Pay It Forward: No Worries Now

SHERMAN OAKS, LOS ANGELES At No Worries Now -- based out of Scarf's parent's home in Sherman Oaks -- no one accepts a salary; everyone is a volunteer. But the group was quickly running out of money and running out of time before their big night. So when Scarf heard about ABC7's Pay It Forward campaign, he submitted a video.

Scarf always planned on taking his best friend, Shiri, as to prom.

"The way we talked about prom was a way to kind of take us out of the moment and really dream. It meant a lot to me and it really meant a lot to her," he said.

But Shiri died of cancer before her prom night. Instead of mourning her death, Scarf decided to celebrate her life by founding No Worries Now and holding an annual prom night for hundreds of kids.

"It's probably the best night of the year for me," said Scarf.

Kids invited include Lucene Bechirian, who lost her eyesight at 12 years old.

"One day I just woke up and I just couldn't see. I took an MRI and they told me that I had cancer in my optic nerve," Bechirian recalled. "From then it was like the first brain surgery, the second, the third, the fourth, the fifth -- eye surgery, chemotherapy, radiation -- it was almost like my whole world changed."

Bechirian says thanks to Scarf and his dancing on prom night she felt a normal kid.

"It was so in the moment, like you were living that moment, you weren't thinking about doctor appointments or treatment or any problems you had. It was just fun. And I don't think I stopped smiling the whole night," she said.

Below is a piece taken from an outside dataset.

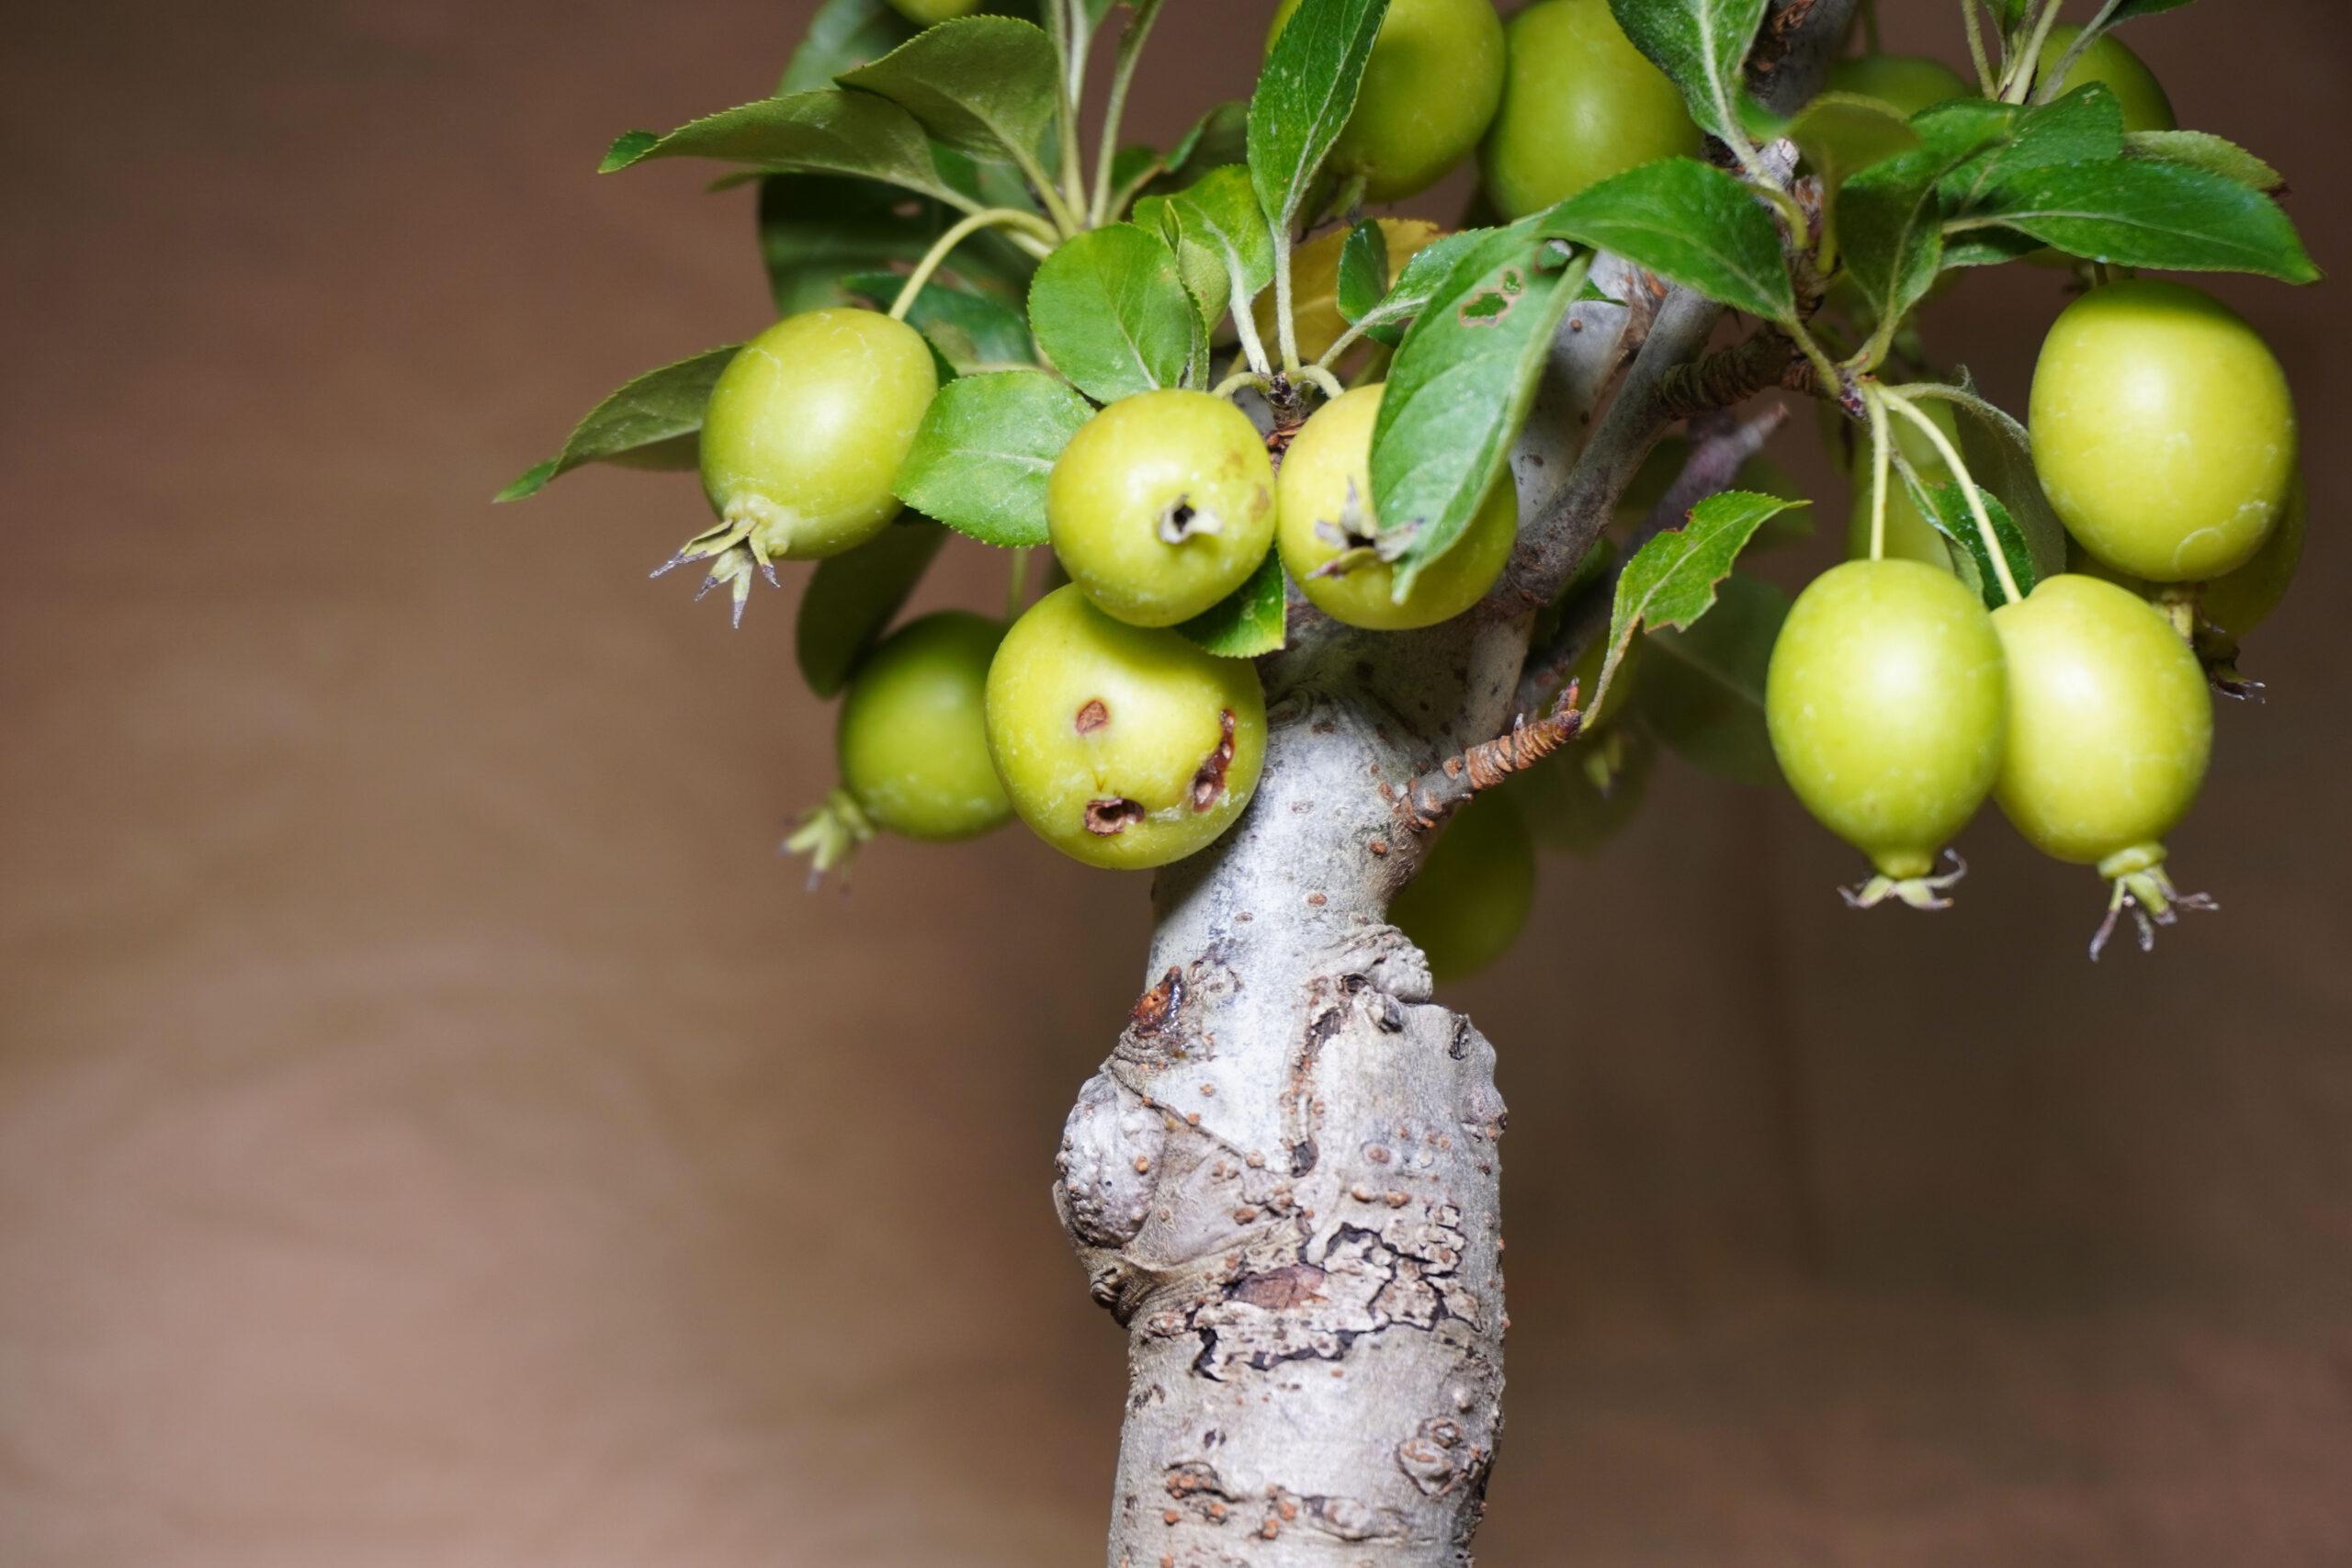 DSC01728-リンゴ虫食い
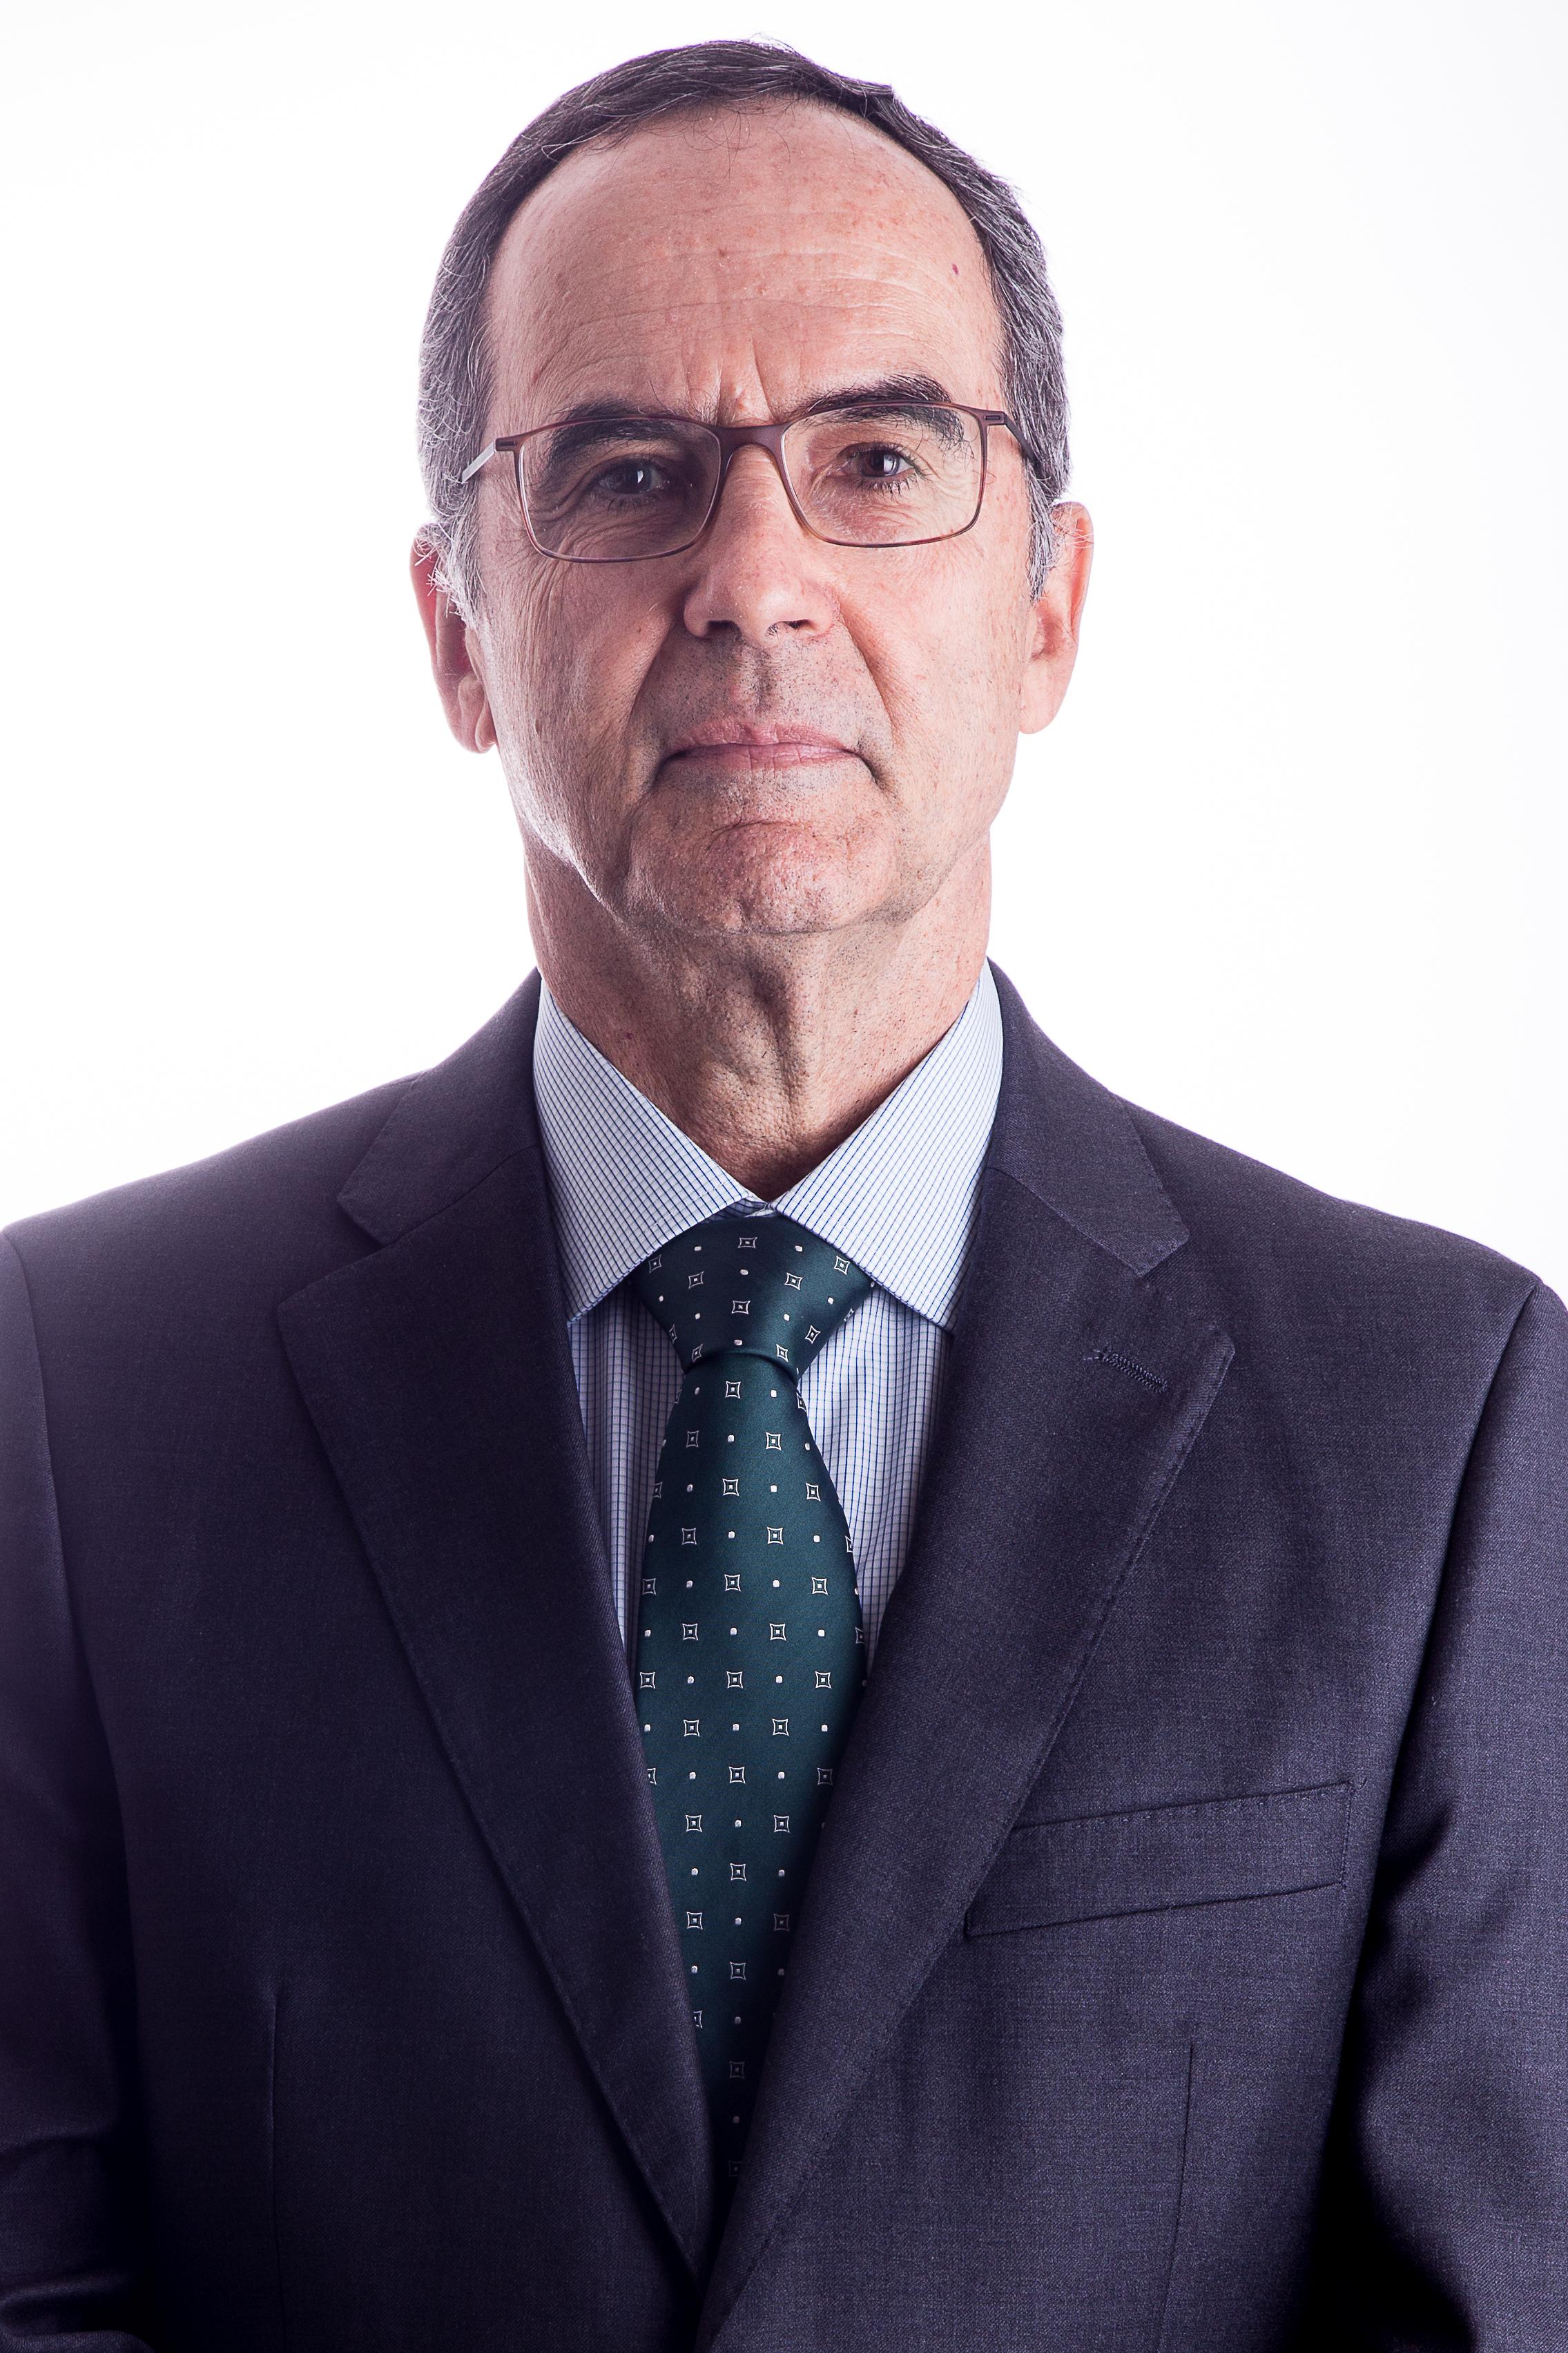 Oscar Sant'Anna de Freitas e Castro   ocastro@daudtadvogados.com.br

Doctors at UCLA believe there is a medical benefit to going to the prom.

"We do know kids and people in general who are happy and hopeful actually do better," said Dr. Ilanit Brook, a pediatrician at Mattel Children's Hospital UCLA.

Still, fundraising this year has been especially slow. Scarf took this year off from Cornell University to work on the foundation, but he's spent almost all his time trying to sell T-shirts to raise money instead of walking the halls of hospitals to invite patients.

Scarf said the $7,000 could be used to pay for about 300 kids to go to prom.

"This is really going to make an immediate difference in a lot of people's lives," said Scarf.

"It's so nice for us to be able to give good news to people and really bring smiles to their faces, it's a bright spot in their hospital stay," said Gina Kornfeind, social worker at the UCLA Children's Comfort Care Program.

Prom night is scheduled for June 29 at Madame Tussauds in Hollywood. Scarf is also in the process of creating what he calls a prom in a box - a kit so kids all over the country can start similar proms.